Book Review: The Ferryman by Justin Cronin
Book Review: The Ferryman by Justin Cronin
Any Justin Cronin release is an event. The books of the Passage trilogy are among my favorites (oh, that first hundred pages), and The Ferryman shows the author at the top of his form with this stand-alone.
His latest resonates with the motifs readers will recognize from his earlier works: falling, the wonder of stars, fathers and daughters, grief.
Cronin’s work is often that of return and reevaluation, and these narrative echoes deepen his themes and their effect on the audience. The payoff of a specific sequence of foreshadowing, for example, had me in tears as it opened up my understanding of what he was orchestrating in the larger story.

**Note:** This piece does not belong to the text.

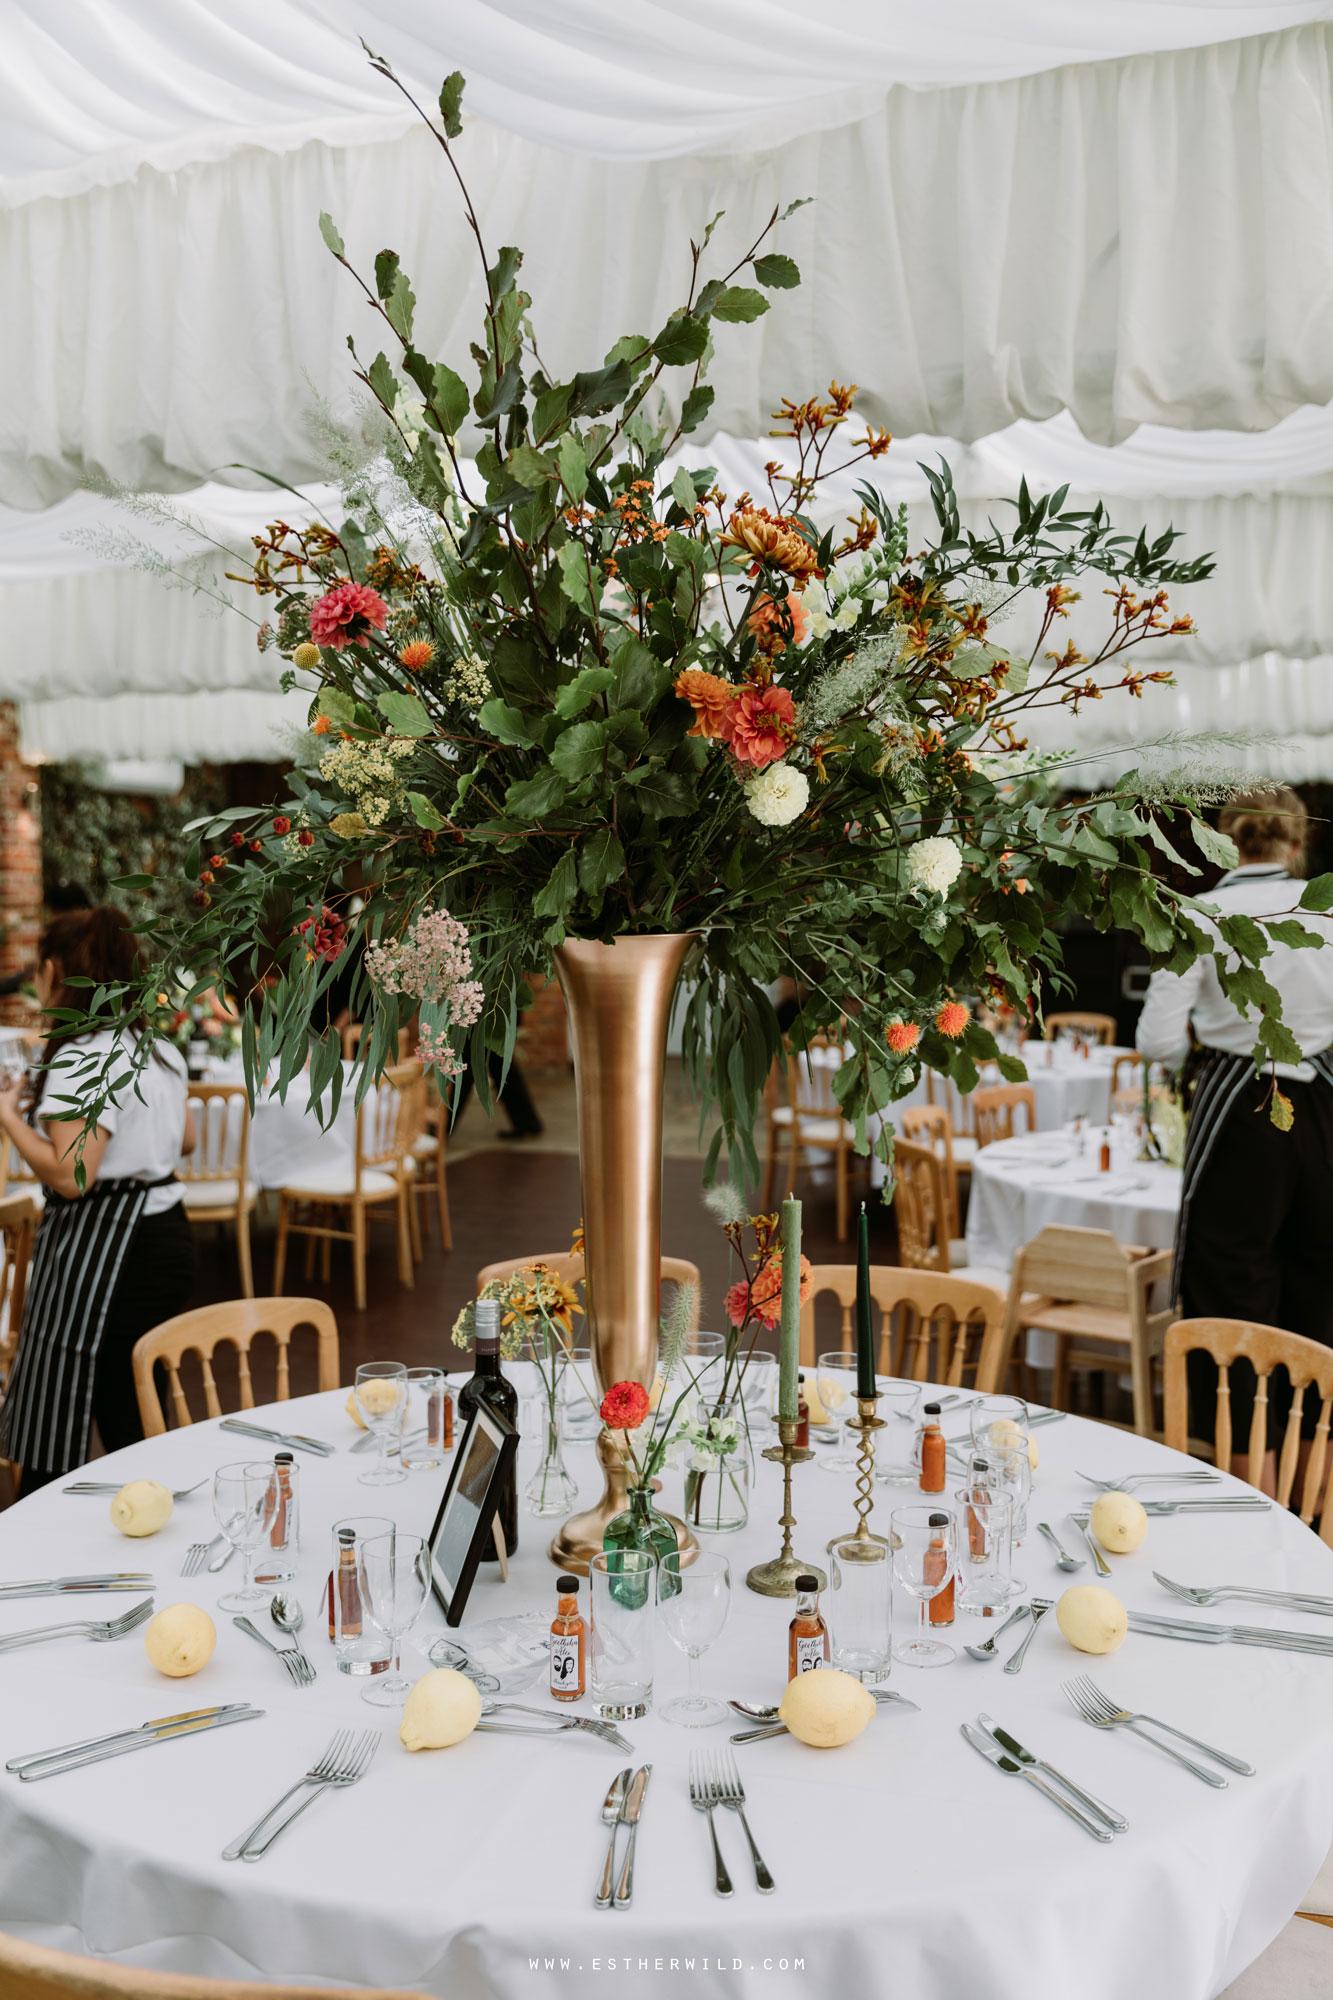 Northbrook_Park_Farnham_Surrey_London_Wedding_Hindu_Fusion_Esther_Wild_Photographer_IMG_5413.jpg

The Ferryman examines big existential questions, and Cronin is particularly adept at using the micro to suggest the macro, and vice versa. In a work that largely hinges on the characters’ attempts to understand their reality, it would have been easy to lose the grounding that keeps the reader invested, but the story never loses its narrative drive (and this with a protagonist who is necessarily not always likable).
Cronin is a true prose stylist. The man flat-out knows his way around a semicolon, and the most startling element of the author’s craft is that you’d stop every other moment to admire his turns of phrase if you weren’t so consistently absorbed by the story.